INSTRUCTIONS FOR THE TASK:
Look in the data below for the line that has "Натуральний дезодорант без", then print exactly every line from there through the line that has "00 Lokalhistorisk Samling", leaving pictures out.

RECORDS FOR THIS TASK:
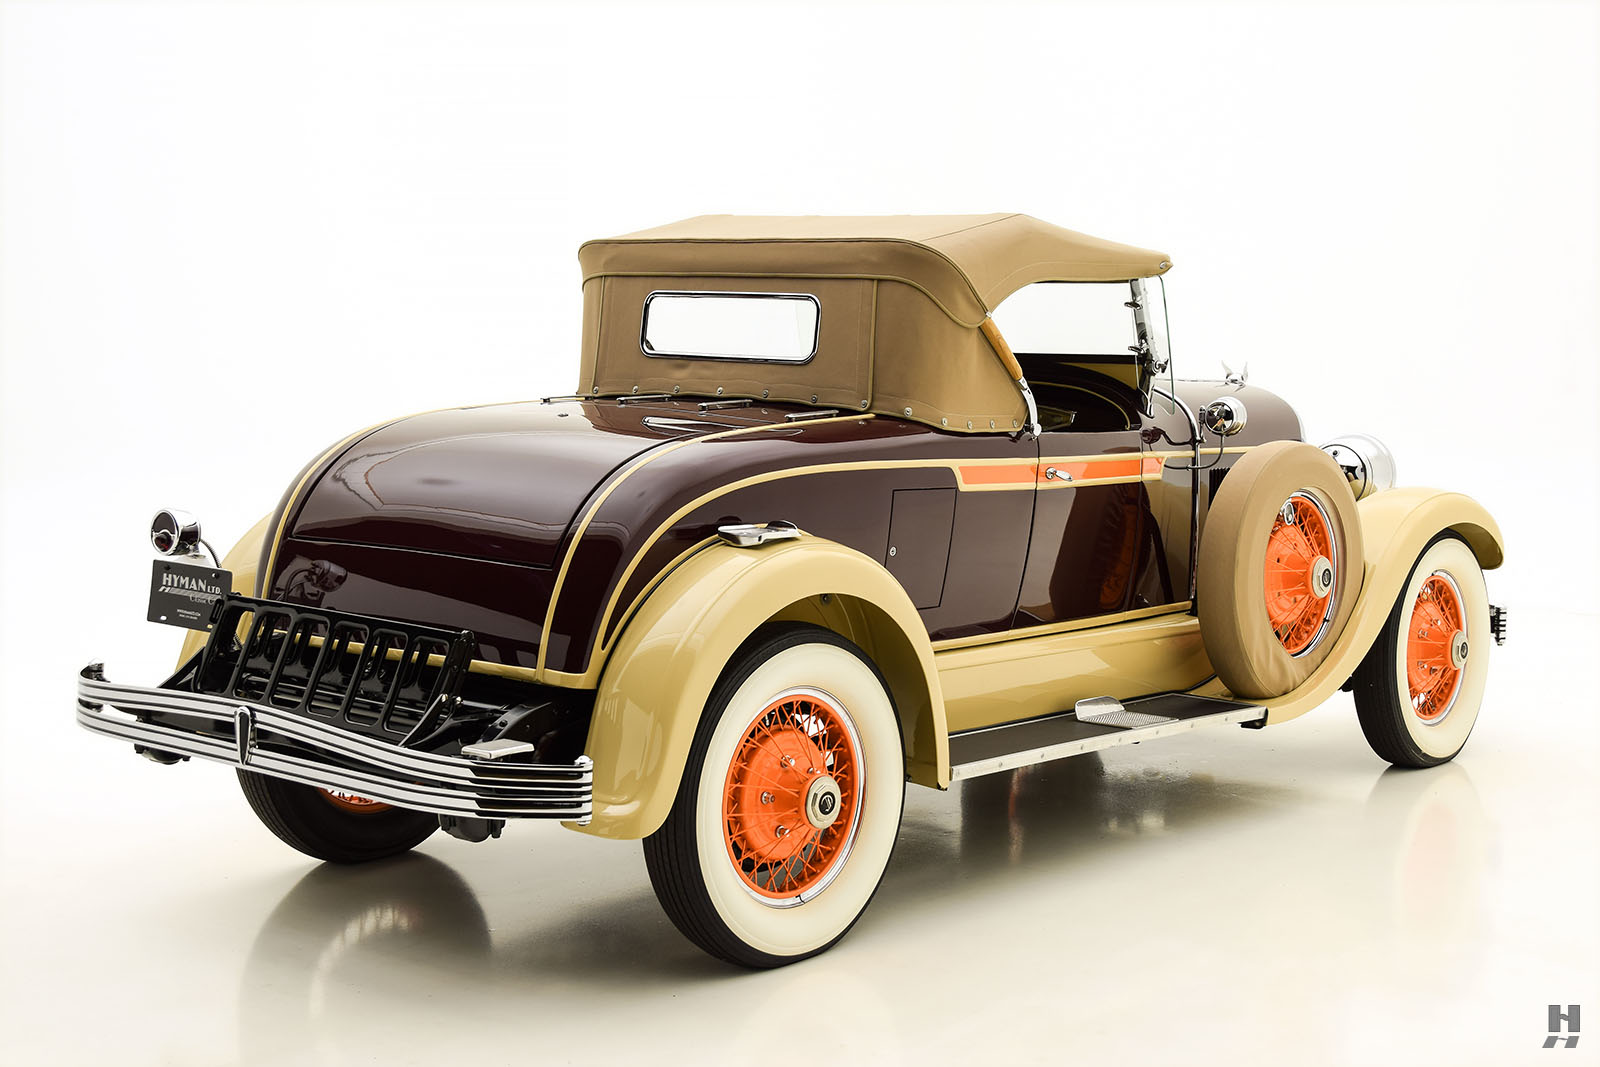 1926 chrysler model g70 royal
==
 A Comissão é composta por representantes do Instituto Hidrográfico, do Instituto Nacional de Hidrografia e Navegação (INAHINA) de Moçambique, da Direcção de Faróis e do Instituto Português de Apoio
...
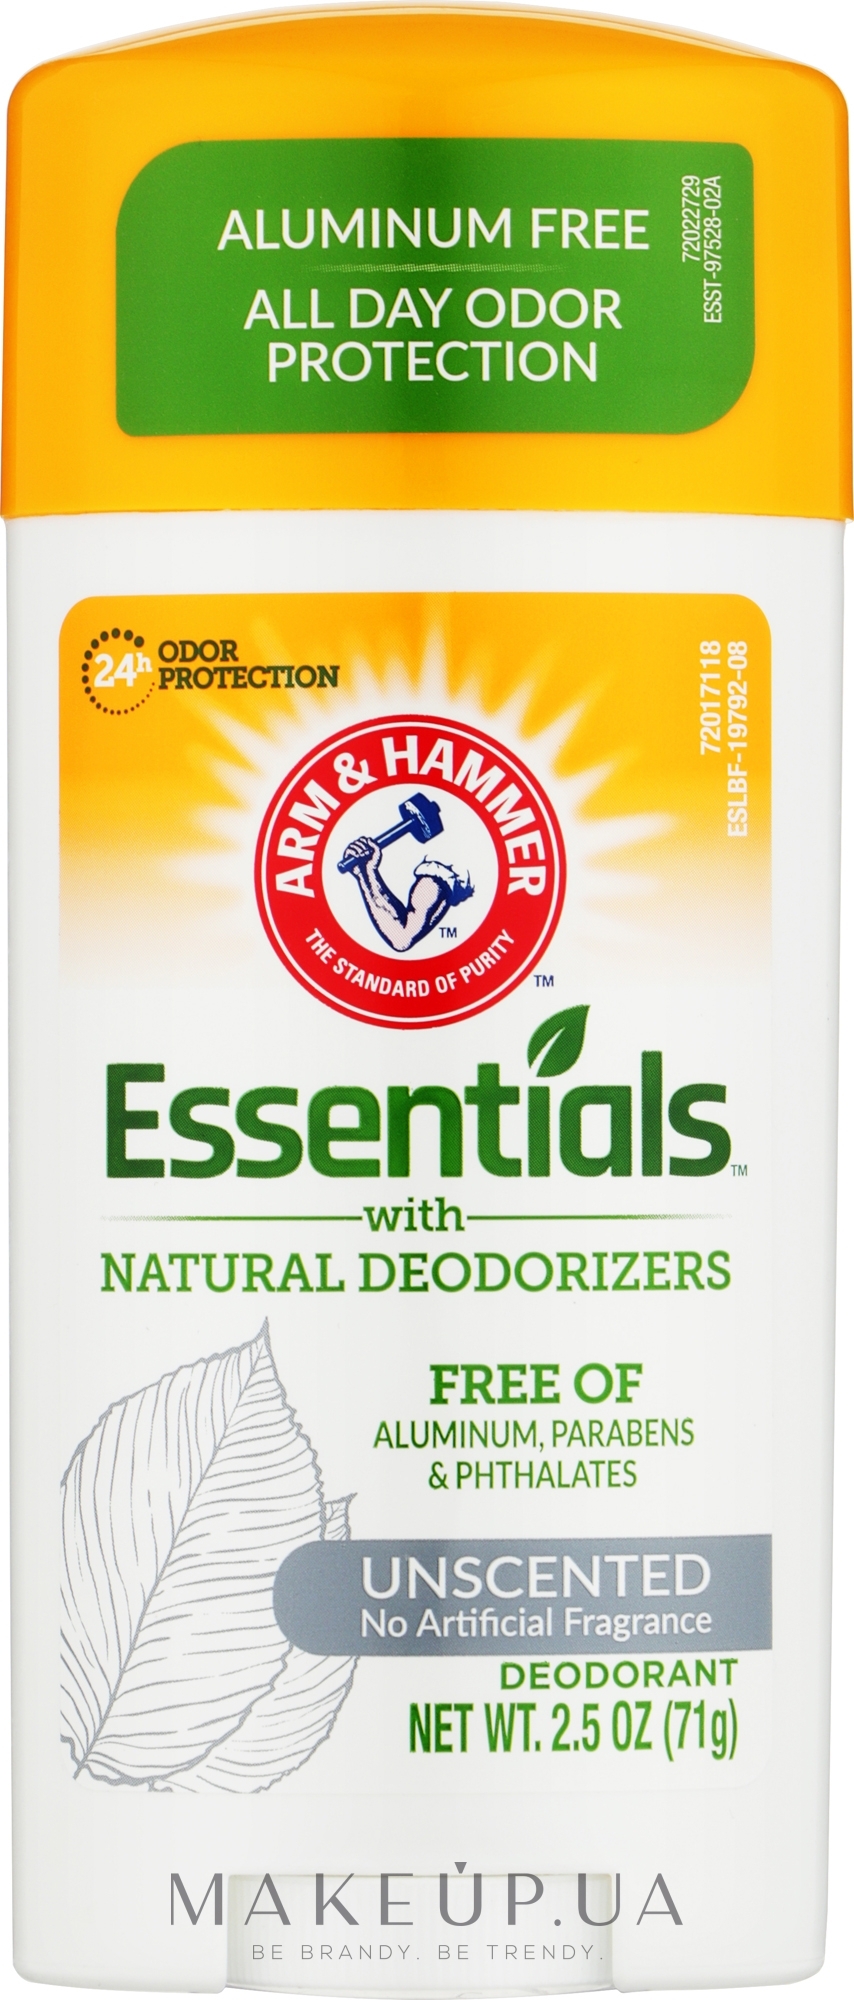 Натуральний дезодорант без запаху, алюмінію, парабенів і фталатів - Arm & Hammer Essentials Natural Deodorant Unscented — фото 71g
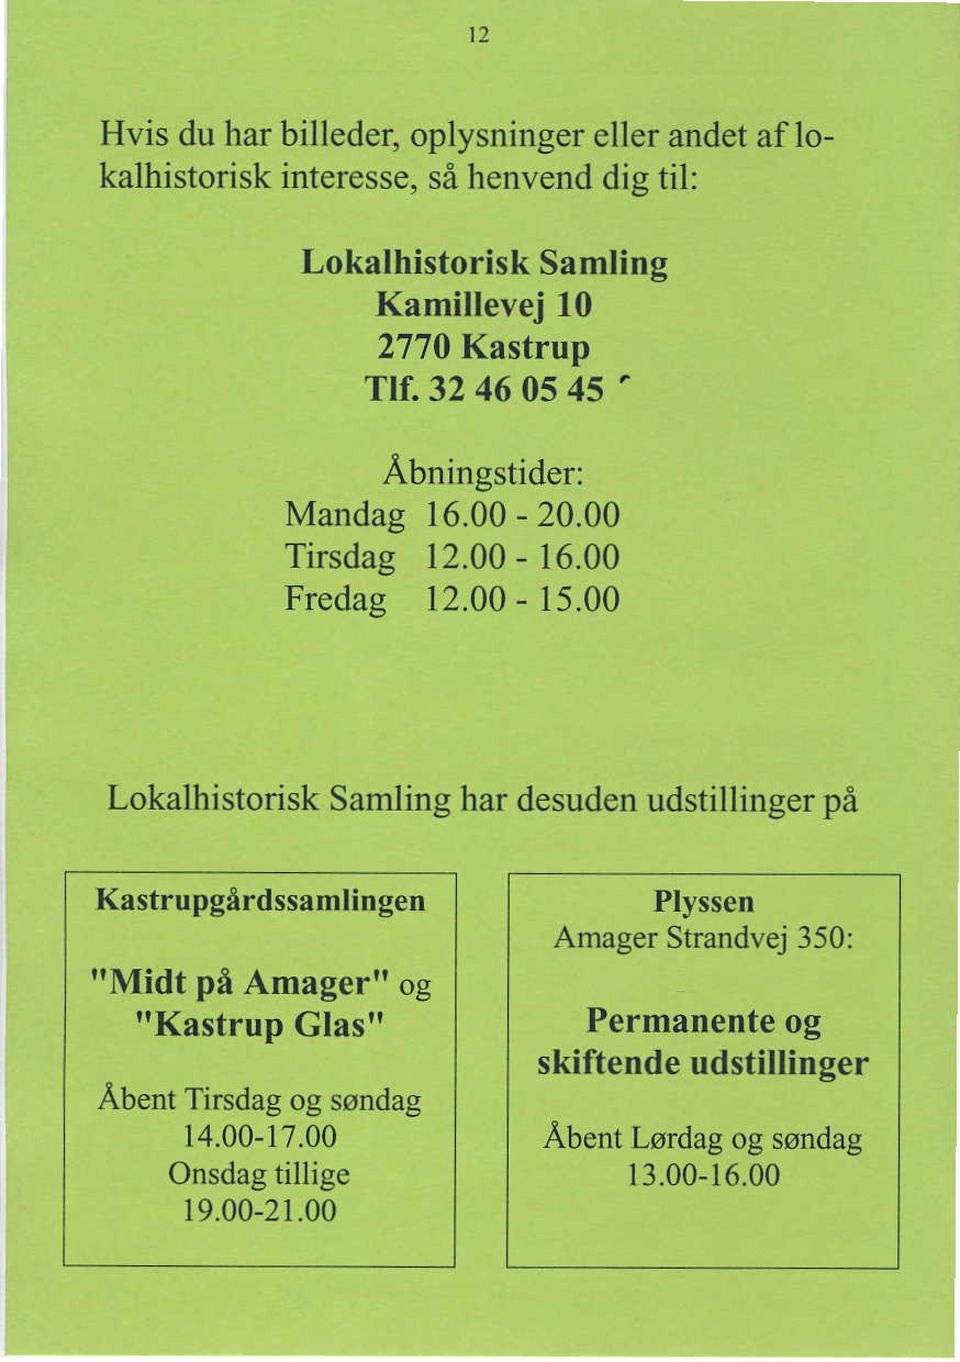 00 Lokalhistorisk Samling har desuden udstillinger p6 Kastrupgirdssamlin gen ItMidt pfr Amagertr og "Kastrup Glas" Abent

SOLUTION FOR THIS TASK:
 Натуральний дезодорант без запаху, алюмінію, парабенів і фталатів - Arm & Hammer Essentials Natural Deodorant Unscented — фото 71g
 00 Lokalhistorisk Samling har desuden udstillinger p6 Kastrupgirdssamlin gen ItMidt pfr Amagertr og "Kastrup Glas" Abent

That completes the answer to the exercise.